Klonsky was already a rich character, but Delmore embellished him. Klonsky had all the personal peculiarities of a very good writer and Delmore exaggerated these to the point where Klonsky took on the behaviorial tics of a bad writer. In Delmore’s version of him, Klonsky invariably went too far; he overshot the truth and spilled into obsession. He was like a story whose images are too heavy, whose metaphors are too self-conscious, whose language is strained, and whose technique is outmoded.
When Delmore described anyone, they regressed; they lost their saving graces, their scruples and hesitations. He made everyone Dostoyevskian—but in an anachronistic twentieth-century setting. His favorite trick was to take away their irony and leave them exposed. He was like the grammar-school bully who rips open your fly buttons.
I almost wished that Klonsky would do all the things Delmore described, that he would get them off his chest. Delmore’s malice was so brilliant, so unerring, it exalted Klonsky; it freed him to be terrible. It was Delmore who helped me to understand what I came to think of as the malice of modern art.

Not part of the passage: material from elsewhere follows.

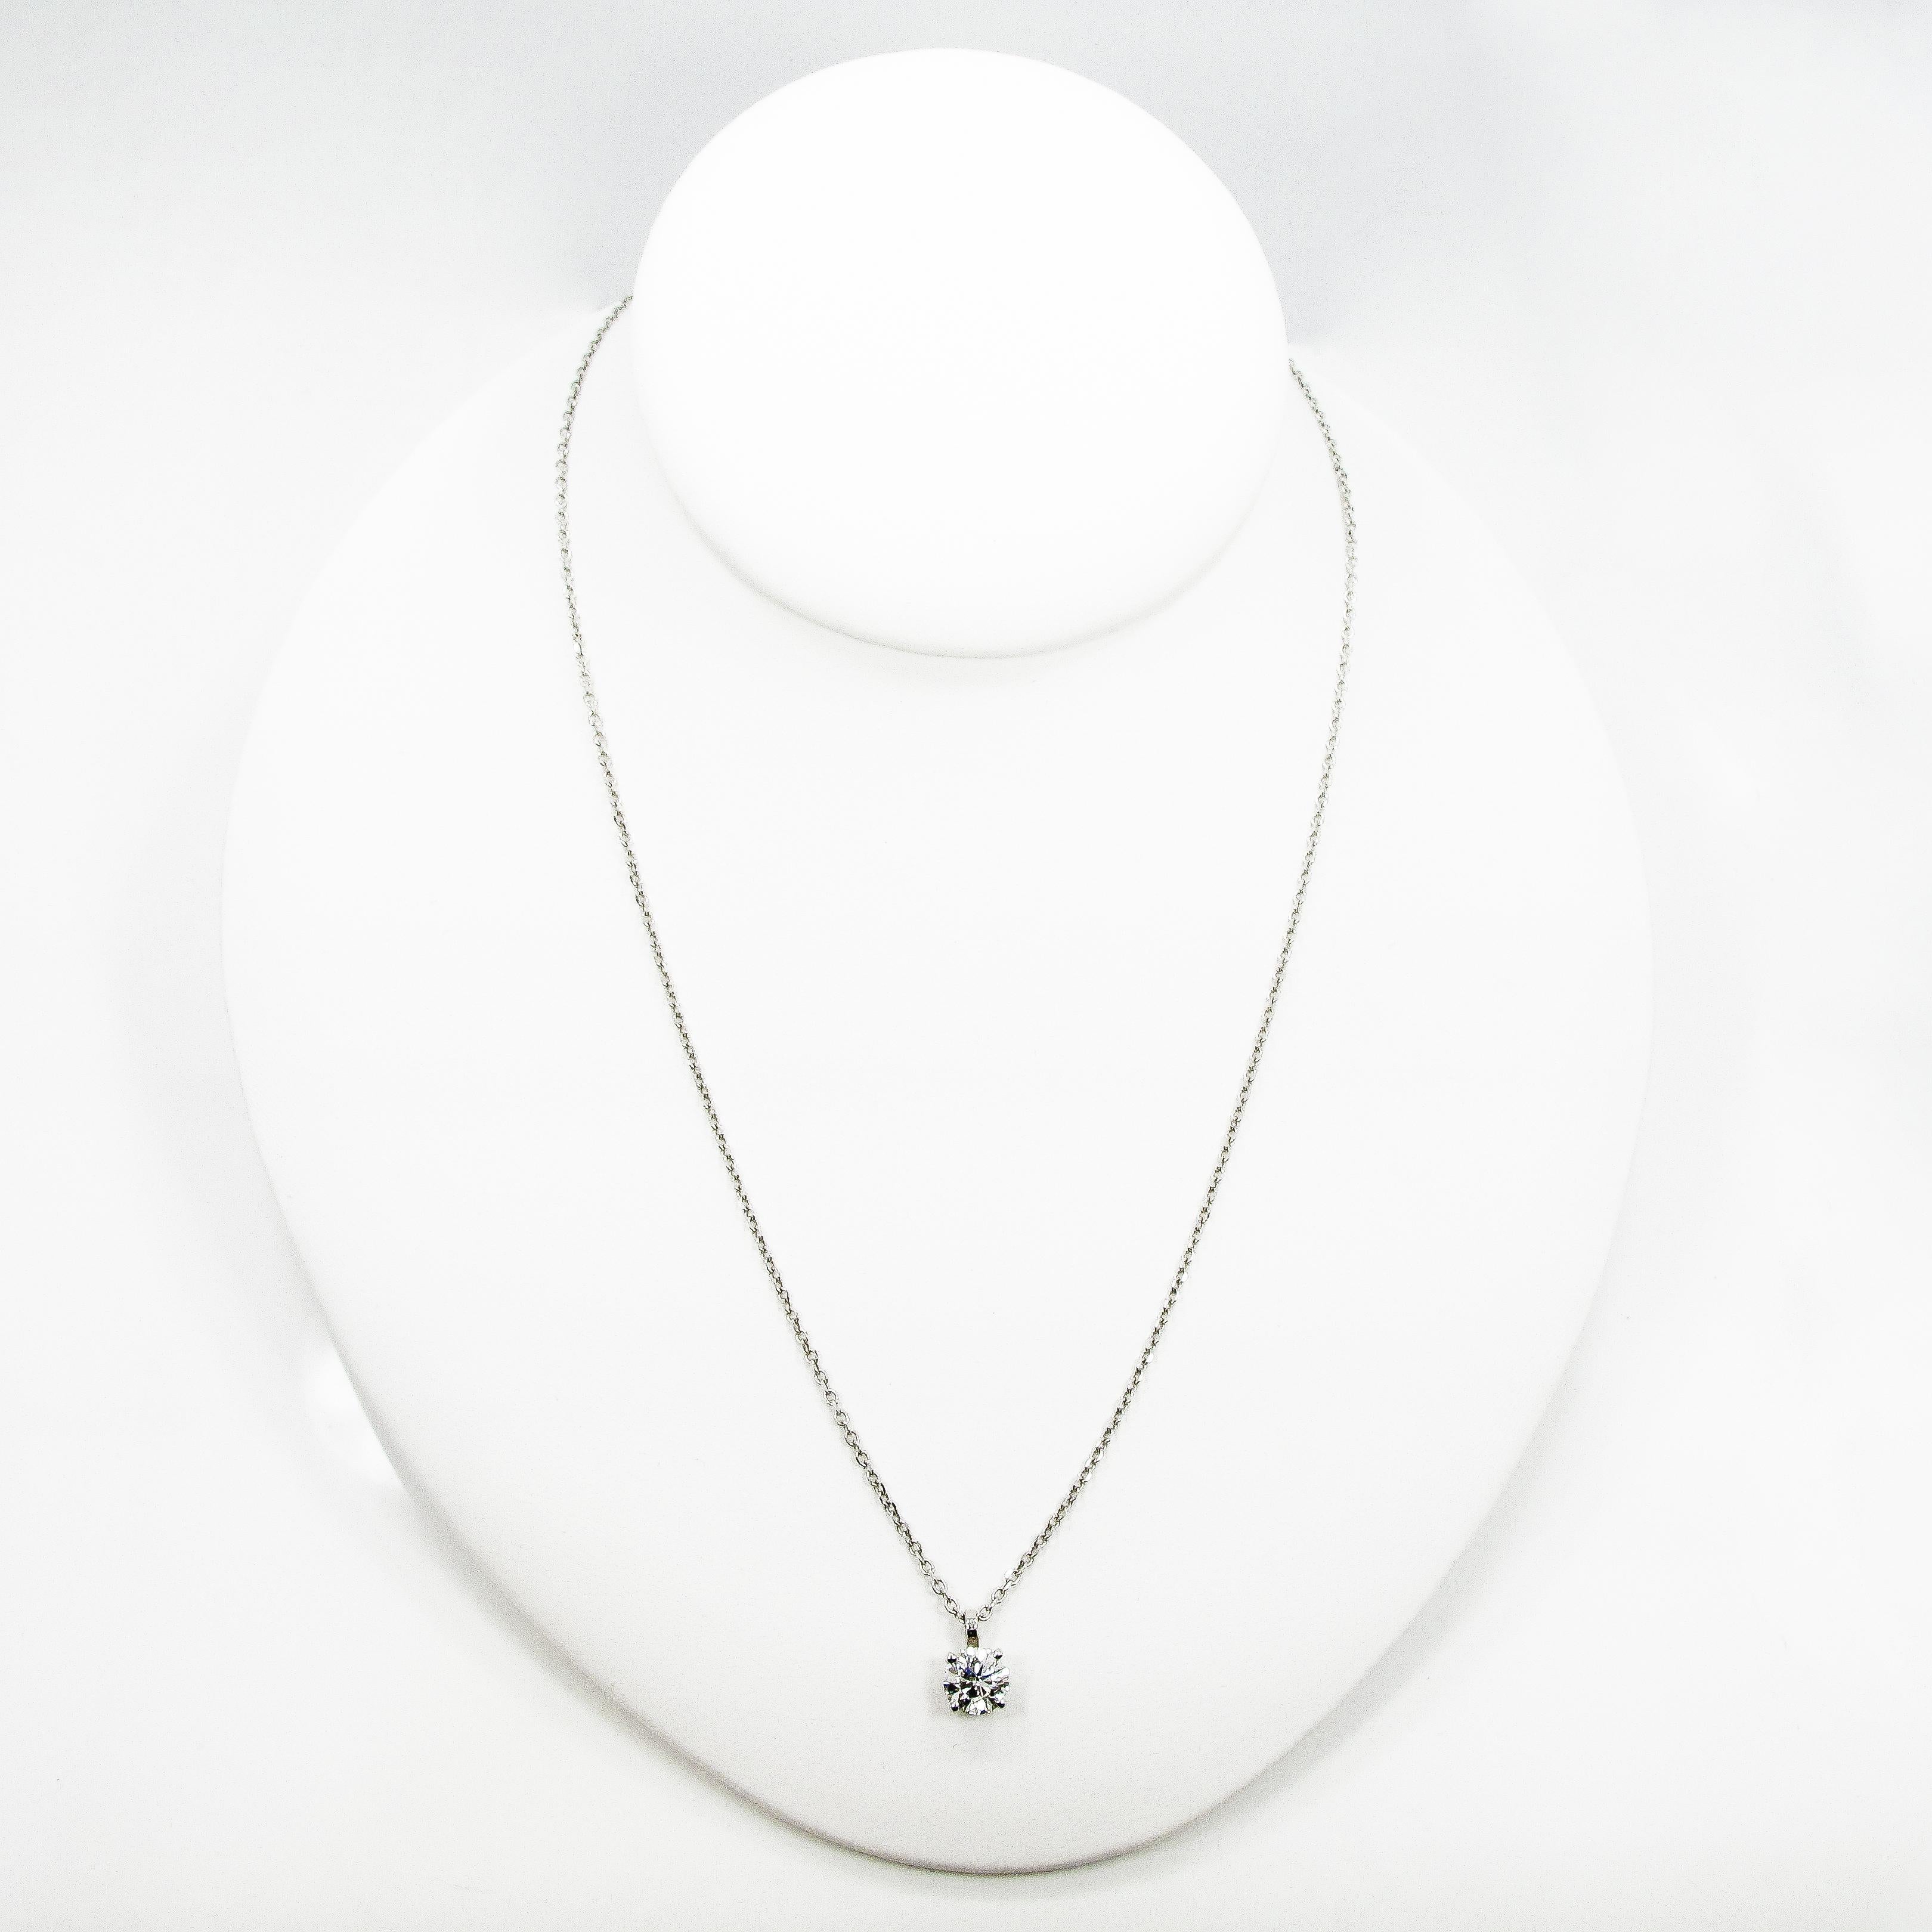 One round brilliant diamond pendant set in a 14k white gold open gallery basket. The diamond weighs 1.16ct and measures 6.75mm. The stone is F in color, I1 in clarity. The basket hangs from a simple bale on a 16 inch 14k white gold cable chain (with

Meanwhile, as we walked, the city passed unnoticed. Like Samuel Johnson, whom he resembled in many ways, Delmore was not interested in prospects, views, or landscape. He had looked at the city when he was young and saw no need to do it again. He had looked at it in much the same way that he had read John Dos Passos or James T. Farrell.
At Brooks Brothers, we went up to the sixth floor, to the less expensive suits. As we waited for the elevator, with Delmore fidgeting beside me, I was reminded of Dostoyevski’s Underground Man, who bought new gloves, a new hat, and a fur collar for his coat—all for the purpose of colliding with an officer on the boulevard where he went for a walk each Sunday. When he met the officer in the crowded street, it was always he who had to give way, and now he was determined to throw himself against this haughty creature. But first his clothes must be equal to the occasion.